На какое-то мгновение мне показалось, что он собирается ударить меня своей тростью. Он стоял, набычив свою большую голову и сверля меня голубыми глазками, на медном ежике его волос играло солнце, а сигара тлела запрещающим красным светом. Затем он развернулся и подошел к фигуре чернокожего человека в тюрбане и сильным ударом трости сшиб тюрбан с его головы.
— А он что сделал? — спросил я. — Продал вам кучу липовых грязных фотографий?
— На самом деле это была куча липовых технических алмазов во время войны. Он всю жизнь сожалел об этом. И не думай, что я пытаюсь поразить тебя. Для меня все это — терапия. Мне нравится обозревать всех их, говорить с ними. После этого я ощущаю себя внутренне чистым и розовым, как младенец. И даже когда меня здесь нет, они все равно вынуждены смотреть на меня. — Он кивнул в сторону увеличенной фигуры Цезаря.

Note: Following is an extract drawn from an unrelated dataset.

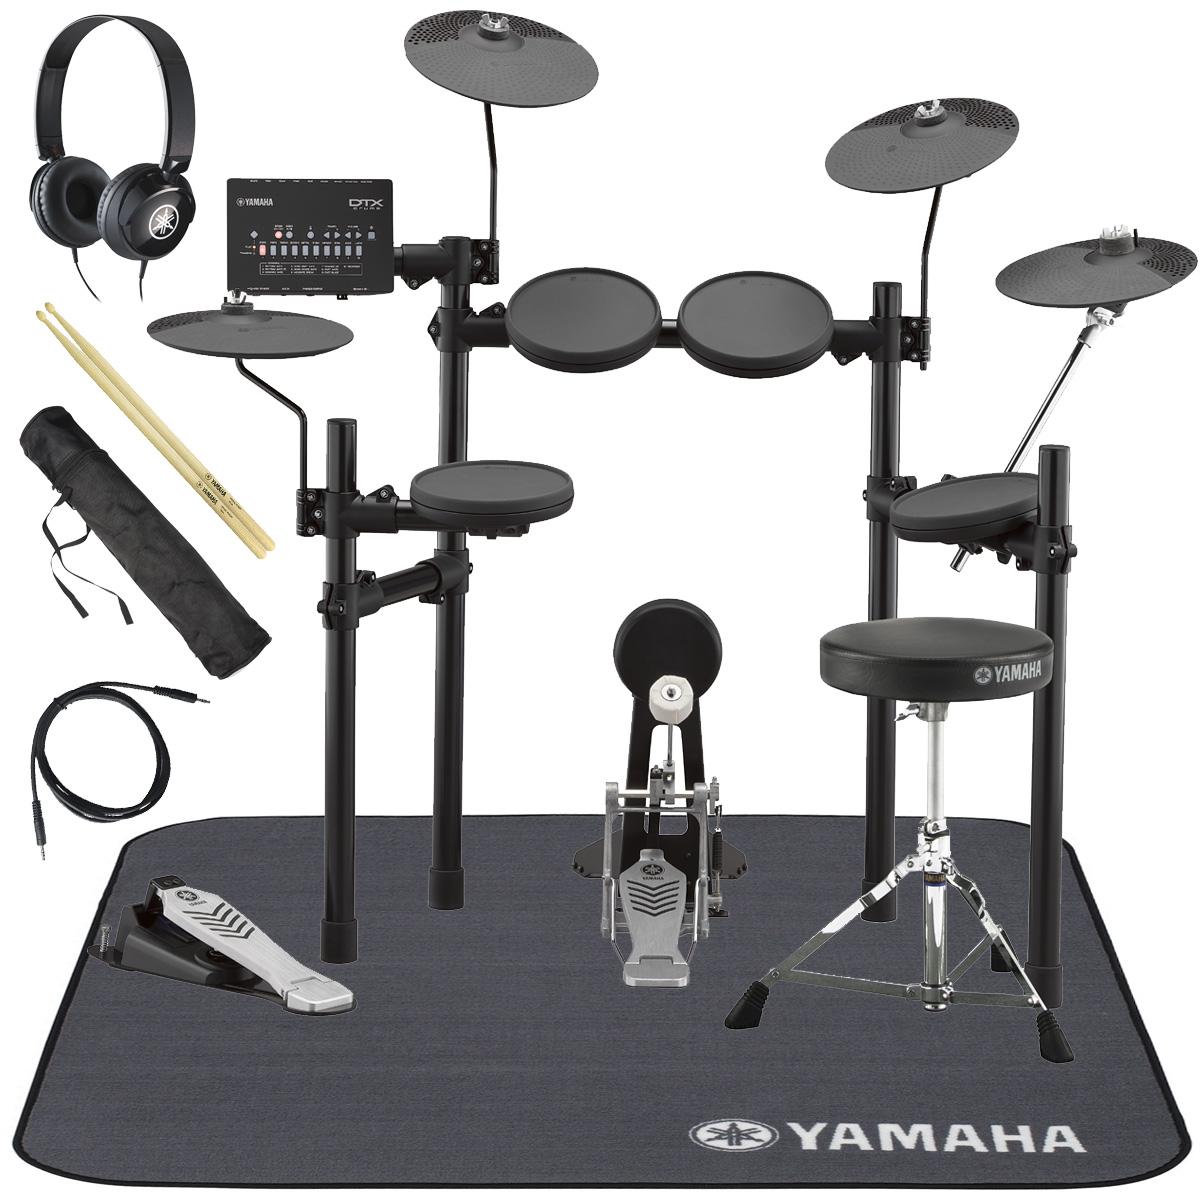 YAMAHA / DTX432KUPGS 電子ドラム ヤマハ純正ヘッドホンとスティックとマットセット【YRK】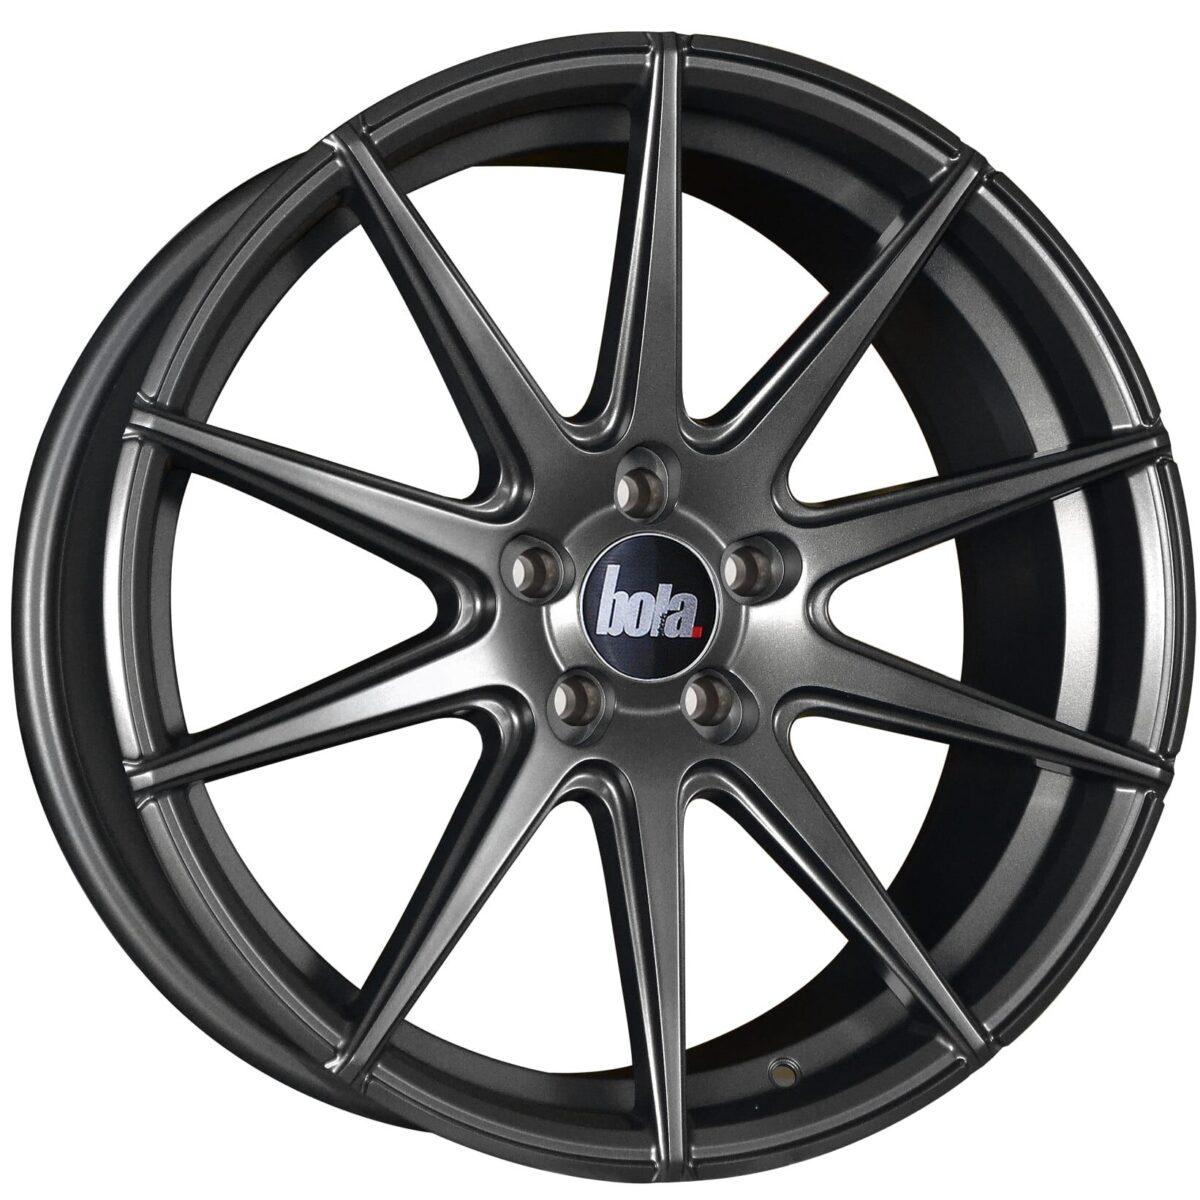 "19"" BOLA CSR Wheels - Matt Gunmetal - VW / Audi / Mercedes - 5x112"

— Вам следует открыть собрание для публики. Это за два года окупит все расходы. Кермод мог бы продавать сосиски в тесте и мороженое на террасе.
Он посмотрел на меня, нахмурившись.
— Ты уволен.
Я повернулся и пошел к двери. Он позволил мне дойти до нее, а затем сказал:
— Не хочешь узнать почему?
Я посмотрел на него через плечо.
— Если вы чувствуете, что должны рассказать мне, о'кей. Но в таком случае давайте сделаем это за сигаретой и стаканчиком чего-нибудь. — Я достал свой портсигар и добавил. — Спиртное с вас.
Он улыбнулся мне.
— Ты — наглый ублюдок. Но обмен — ничего. Хотя, ты по-прежнему уволен.
Он пошел в дальний конец комнаты, то тут, то там пуская в ход свою трость, и, наконец, остановился перед шкафчиком времен Луи какого-то и достал из него бренди и пару бокалов. И на этот раз он налил себе больше. Я взял бокал и сел в кресло, на спинку которого небрежно опирался пожилой, похожий на дипломата тип в придворном костюме (он, вероятно, помешал посвящению О'Дауды в рыцари).
Я вдохнул аромат бренди, отпил немного, подождал, пока жидкость нагреется во рту, проглотил, и почувствовал, как у меня в животе зарождается новый вулкан.
— Кошмарная штука, — сказал я.
— Ты думаешь, я буду переводить свое лучшее бренди на человека, которого я только что уволил.
— Почему я уволен?
— Потому что, Карвер, когда я нанимаю кого-либо, я требую от него полной лояльности за те деньги, которые я ему плачу. За это меня никто не любит. Но всем им нужно зарабатывать деньги.
— Насколько мне известно, я даже еще не обманул вас ни с одним счетом за отель. Но я обязательно сделаю это, когда вы меня восстановите на службе.
Резким, раздраженным движением трости он рассек перед собой воздух и сказал:
— Черт, ты меня очень утомляешь.
— Мне хотелось бы услышать несколько фактов, подтверждающих мою нелояльность.
— Два дня назад меня посетил один человек по имени Алакве.
— Это было в Англии или здесь?
— Зачем тебе это?
— Затем, что тогда я буду знать, был ли это Джимбо Алакве или Наджиб.
— В Лондоне.
— Старина Джимбо, все еще трудится изо всех сил. Не нужно мне рассказывать. Я догадываюсь, что он вам сообщил. Я получил взятку, скажем, в три тысячи гиней, не фунтов, за то, что обману вас и скажу, где находится “Мерседес” — когда я, конечно, найду его — сначала ему, а потом вам. Что-нибудь в этом роде, да?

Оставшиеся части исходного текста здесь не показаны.